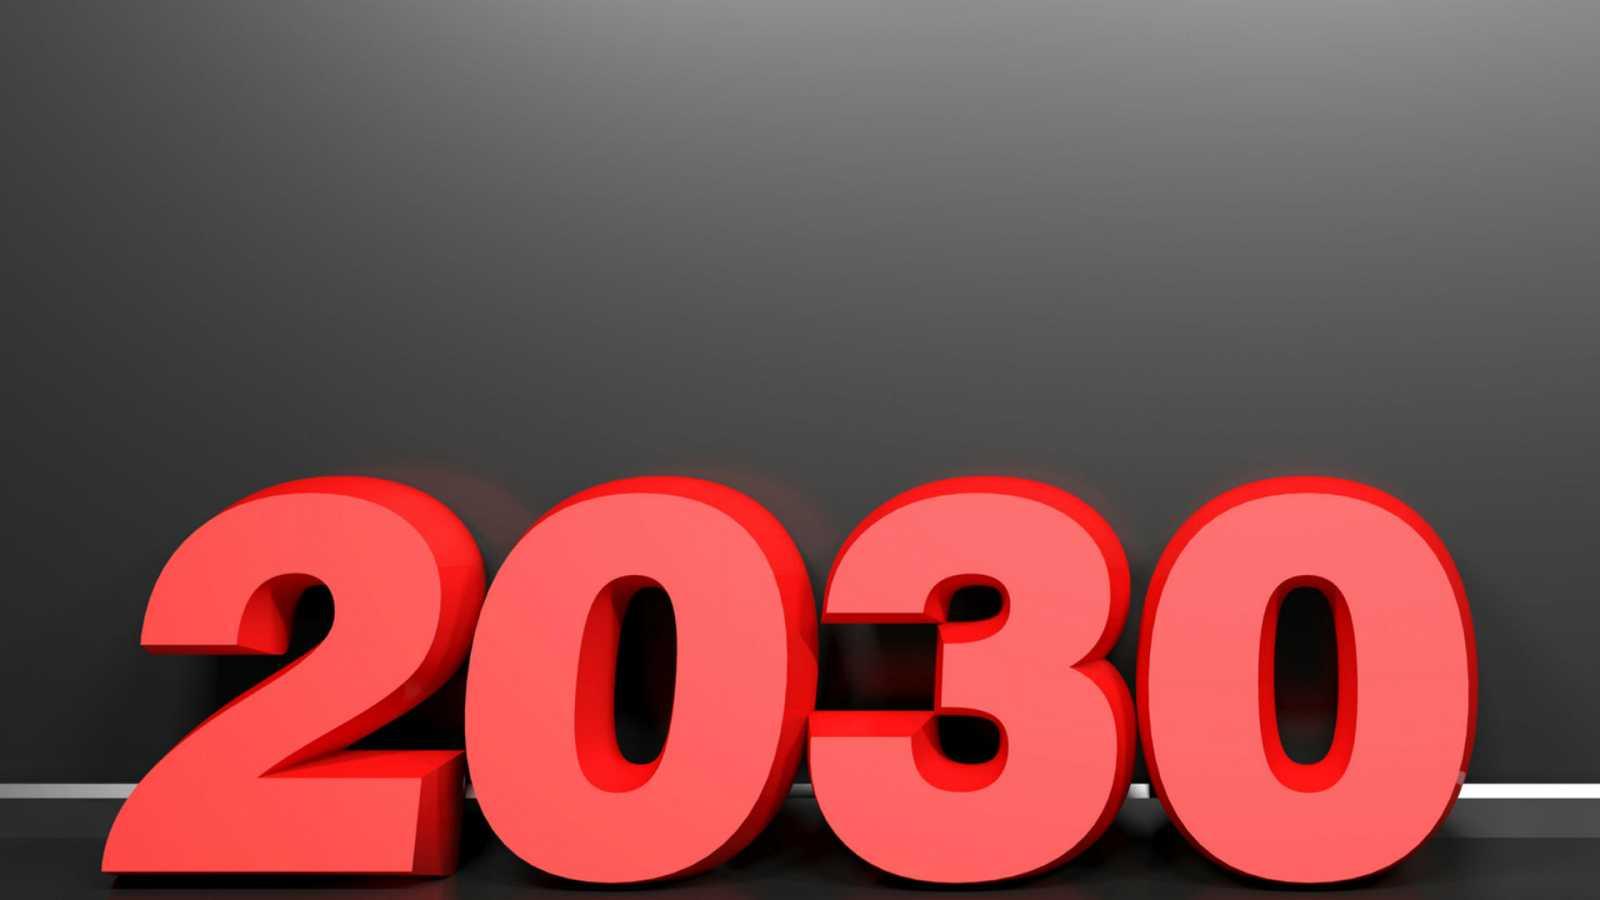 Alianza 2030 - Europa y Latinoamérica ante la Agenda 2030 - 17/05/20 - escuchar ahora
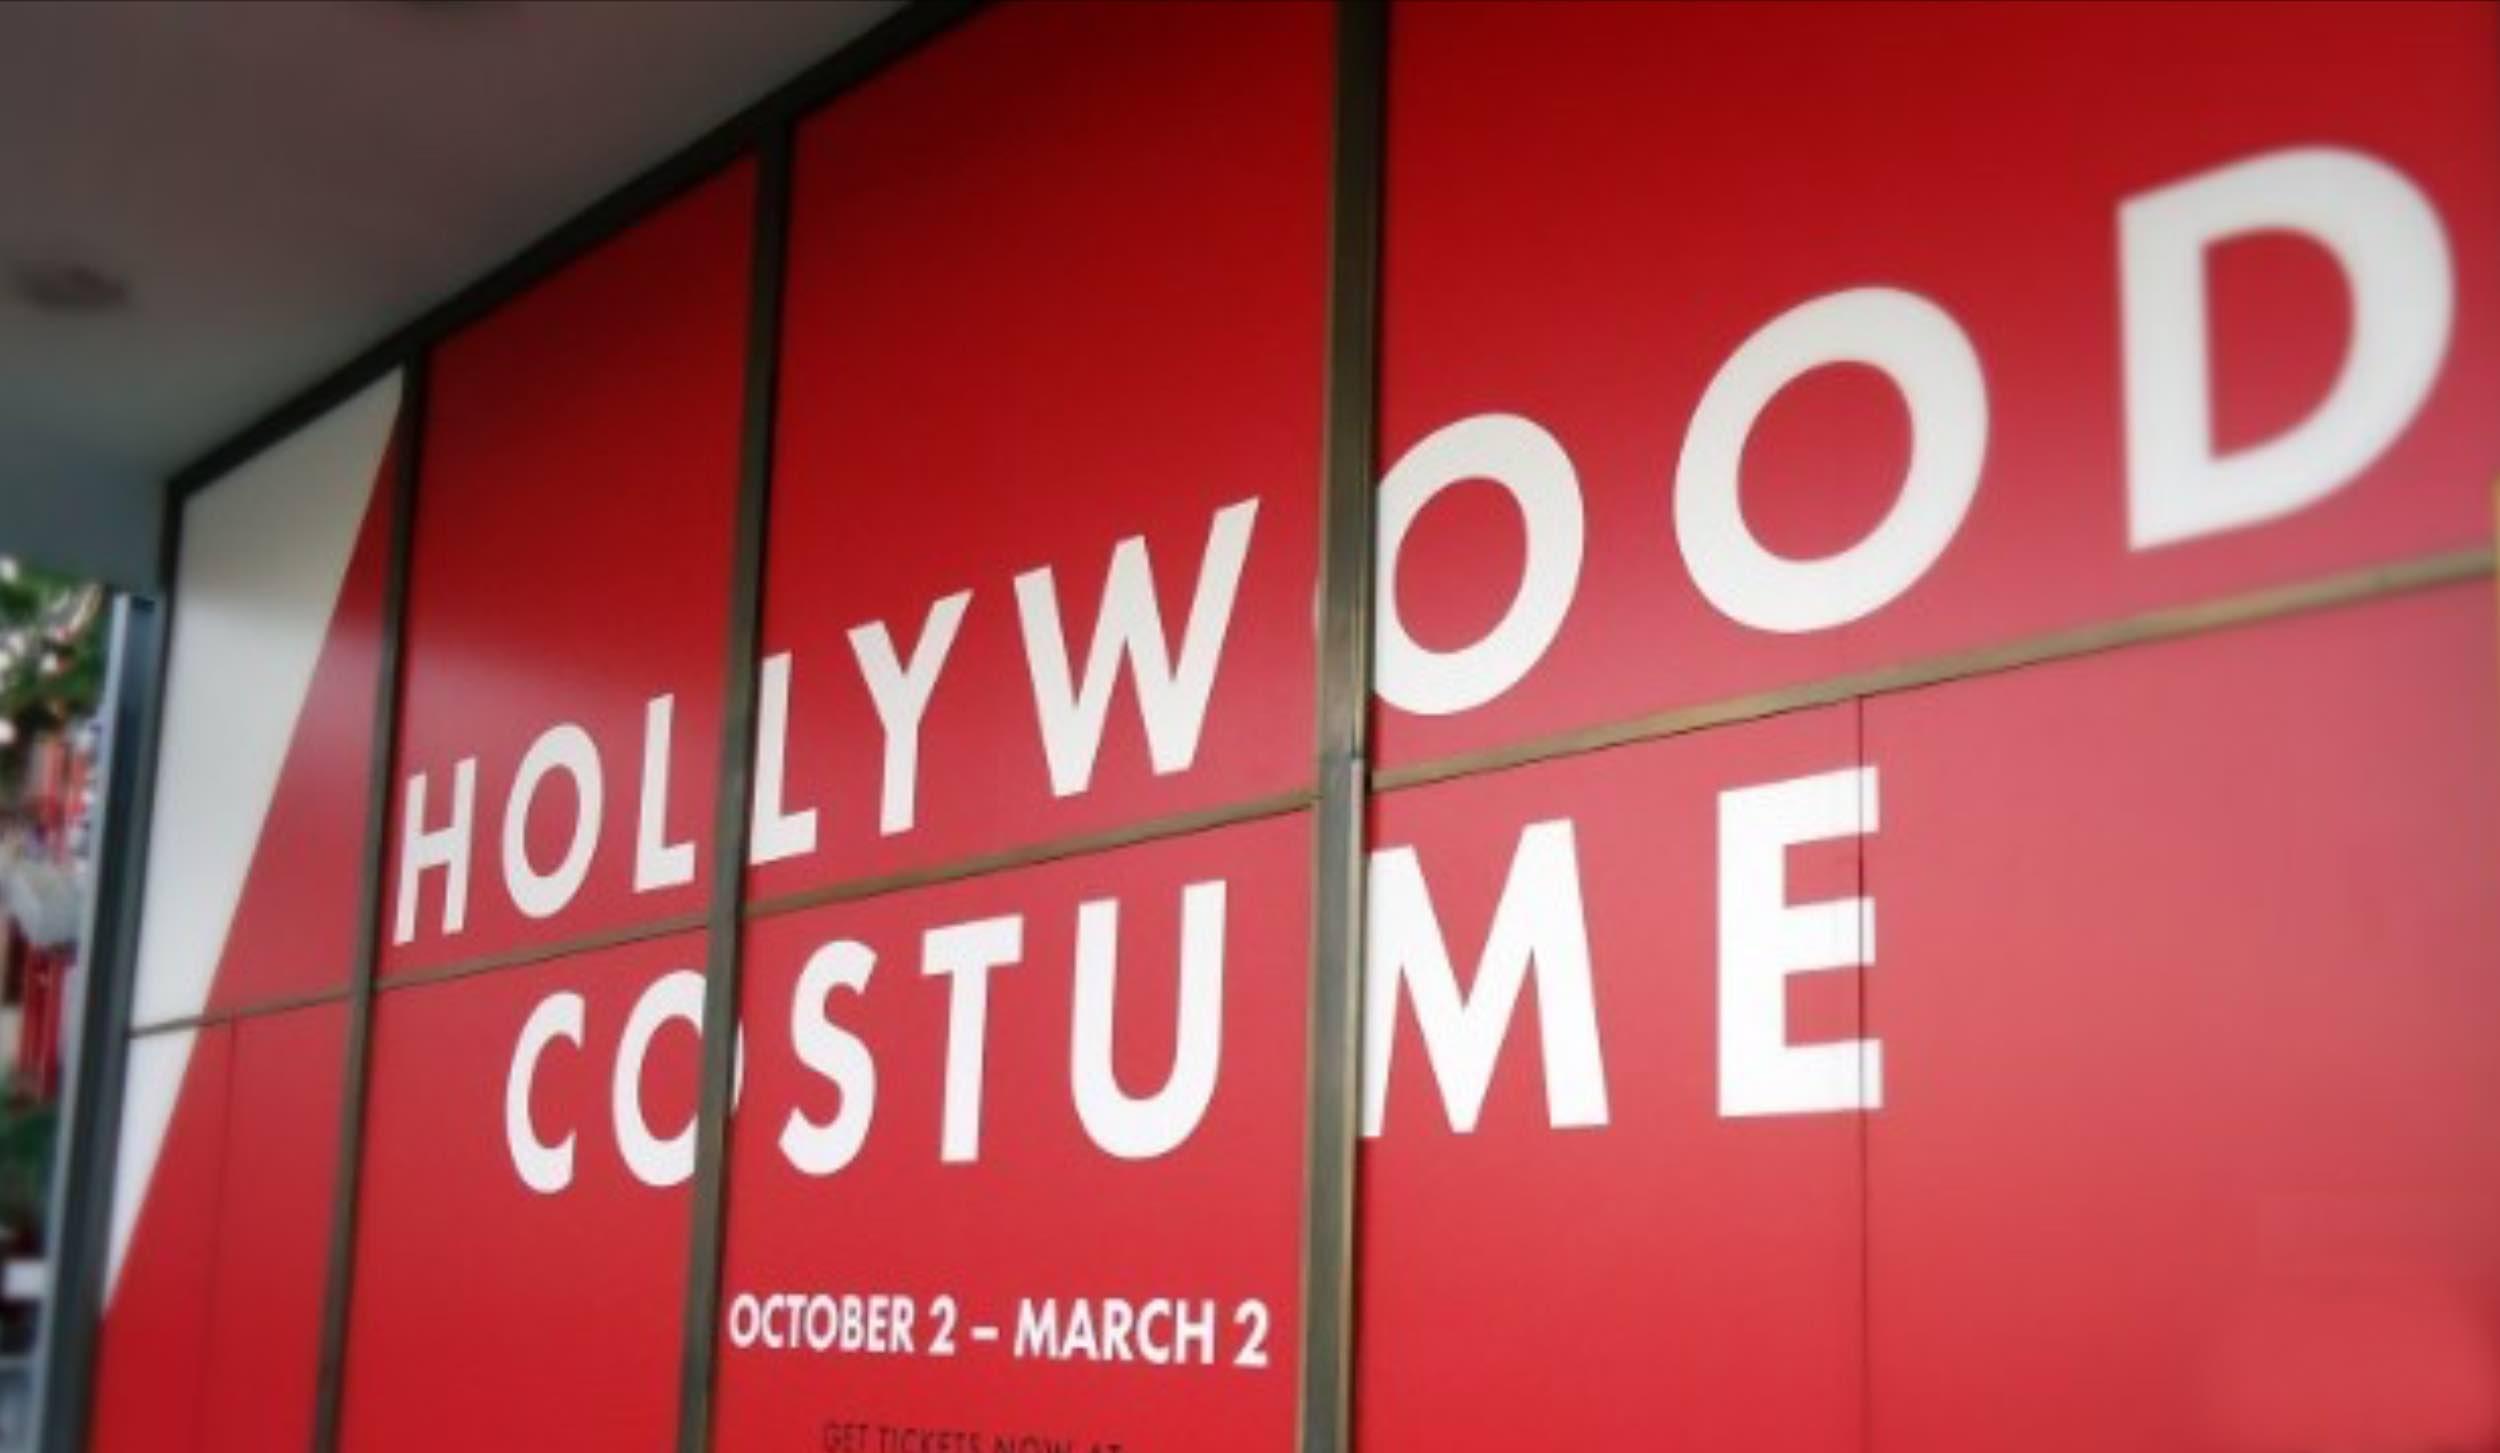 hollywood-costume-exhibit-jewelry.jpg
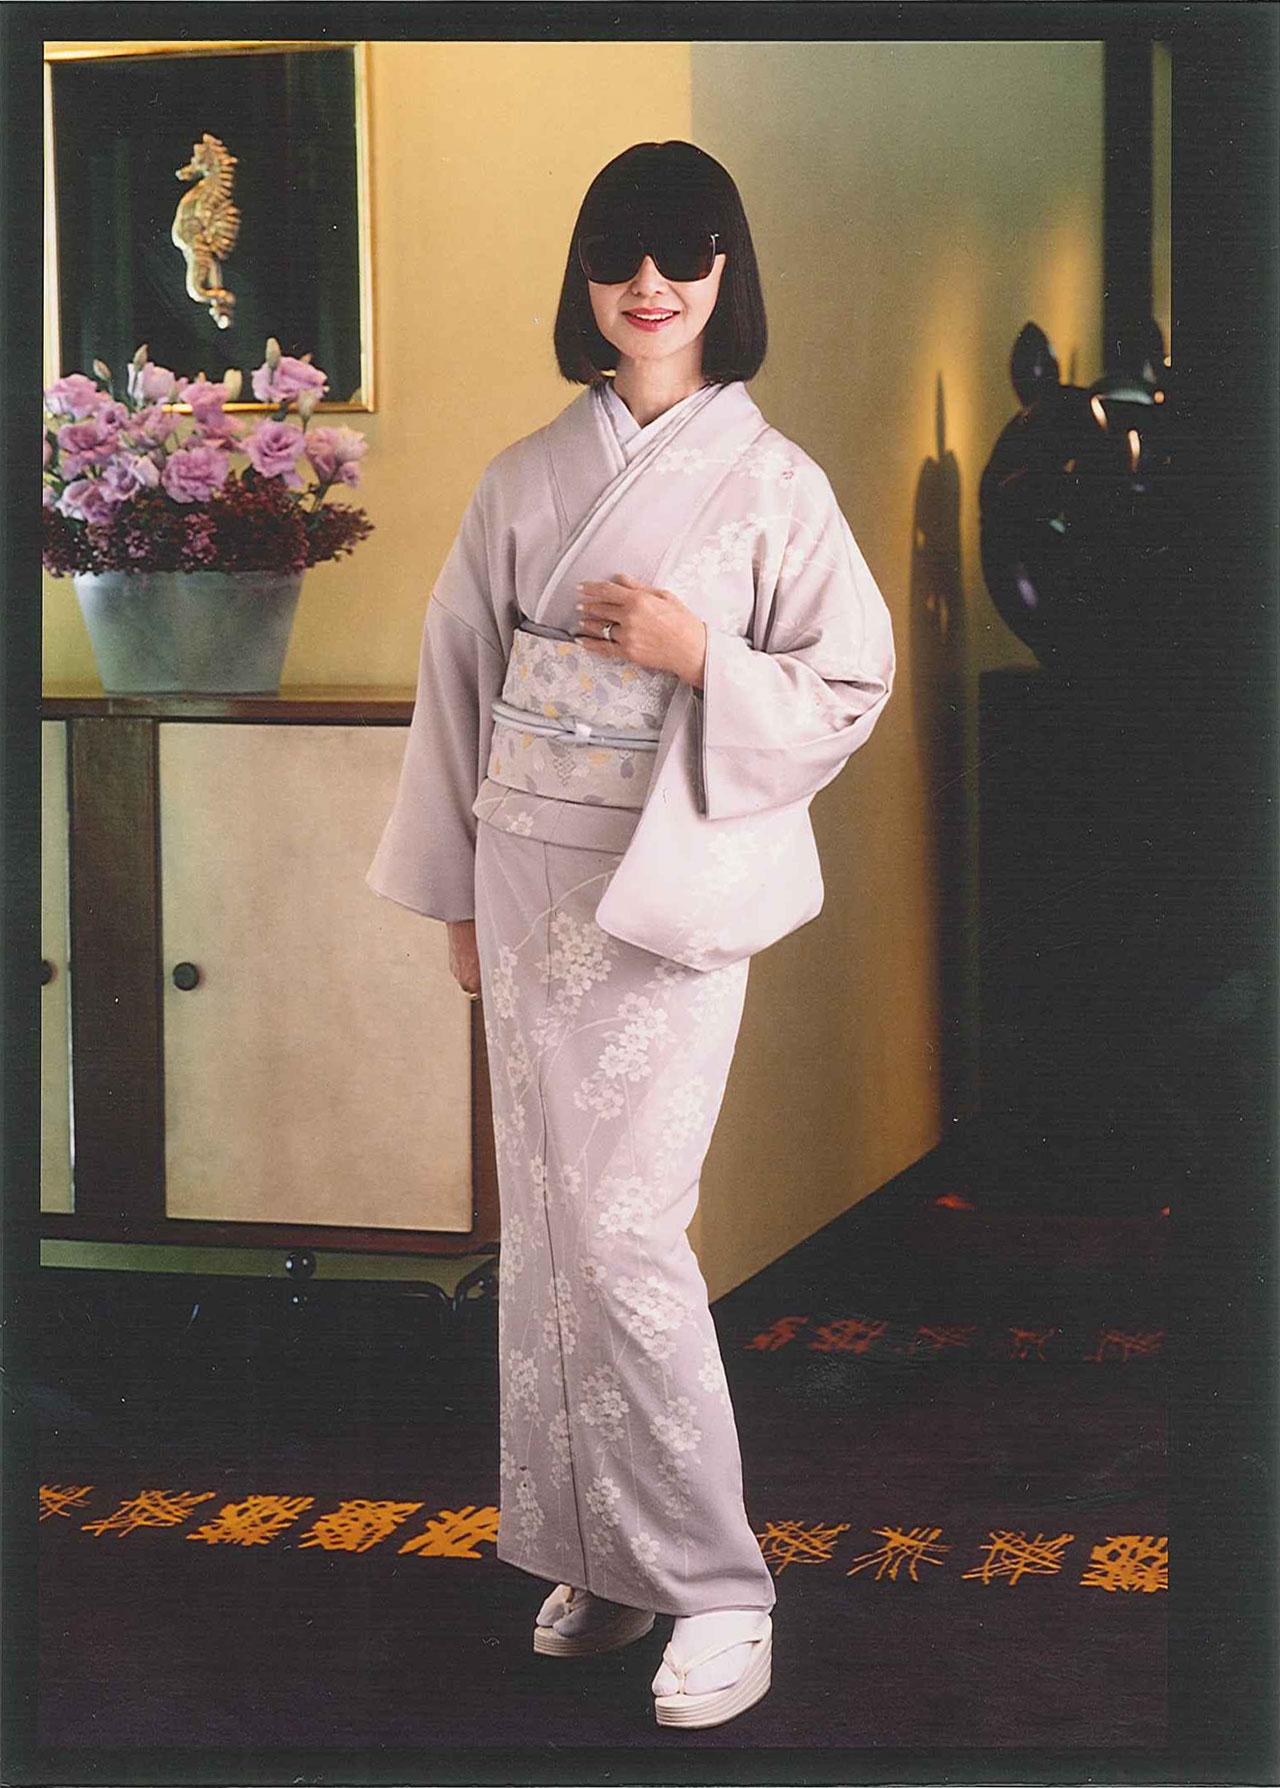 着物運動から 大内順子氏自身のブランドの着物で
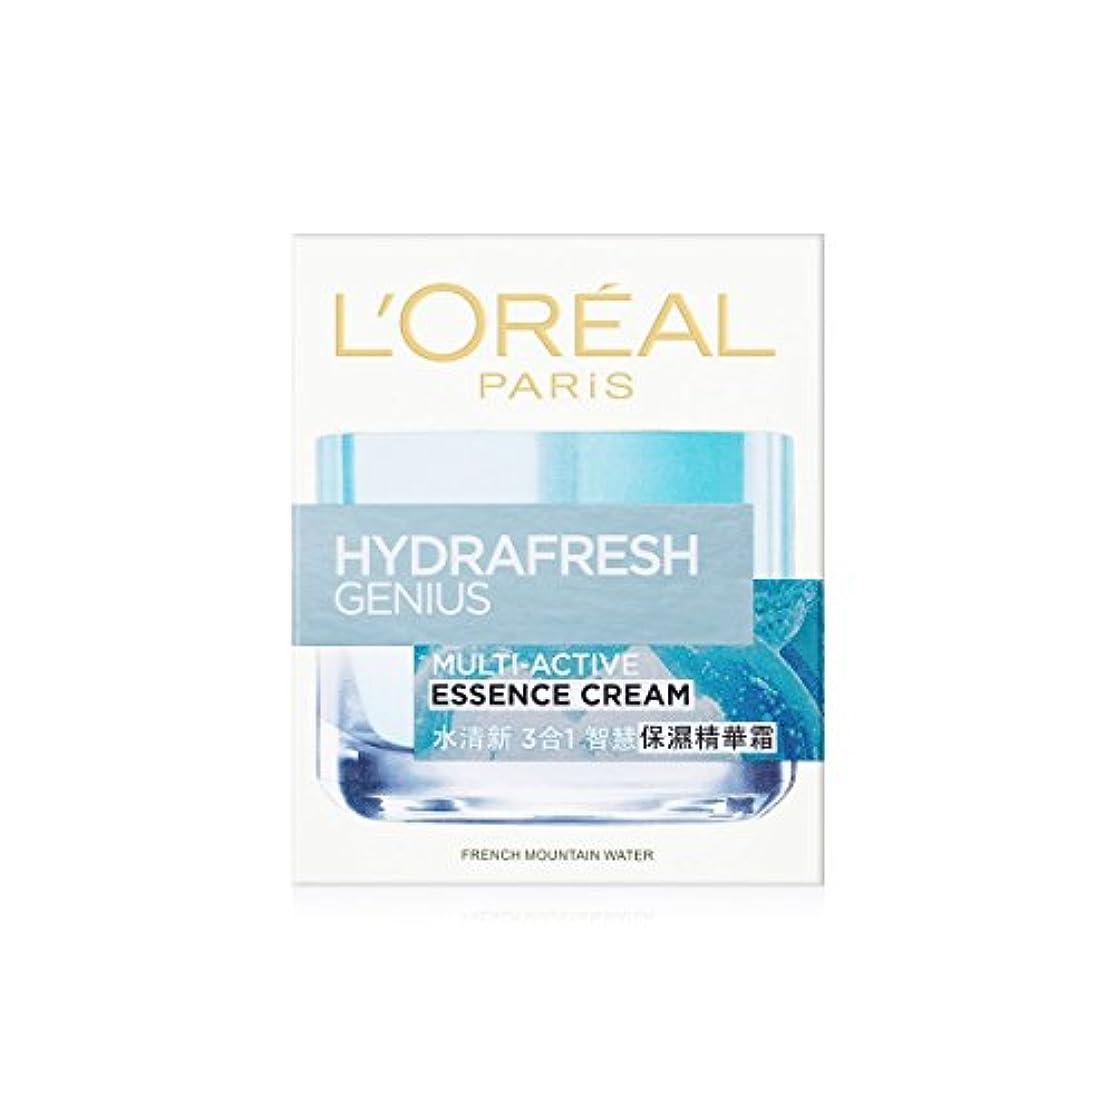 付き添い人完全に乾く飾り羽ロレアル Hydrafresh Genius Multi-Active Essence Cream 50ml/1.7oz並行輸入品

Instructions for the task
Return all the data exactly, pictures omitted.

Output for this task
 Alianza 2030 - Europa y Latinoamérica ante la Agenda 2030 - 17/05/20 - escuchar ahora
 hollywood-costume-exhibit-jewelry.jpg
 着物運動から 大内順子氏自身のブランドの着物で
 付き添い人完全に乾く飾り羽ロレアル Hydrafresh Genius Multi-Active Essence Cream 50ml/1.7oz並行輸入品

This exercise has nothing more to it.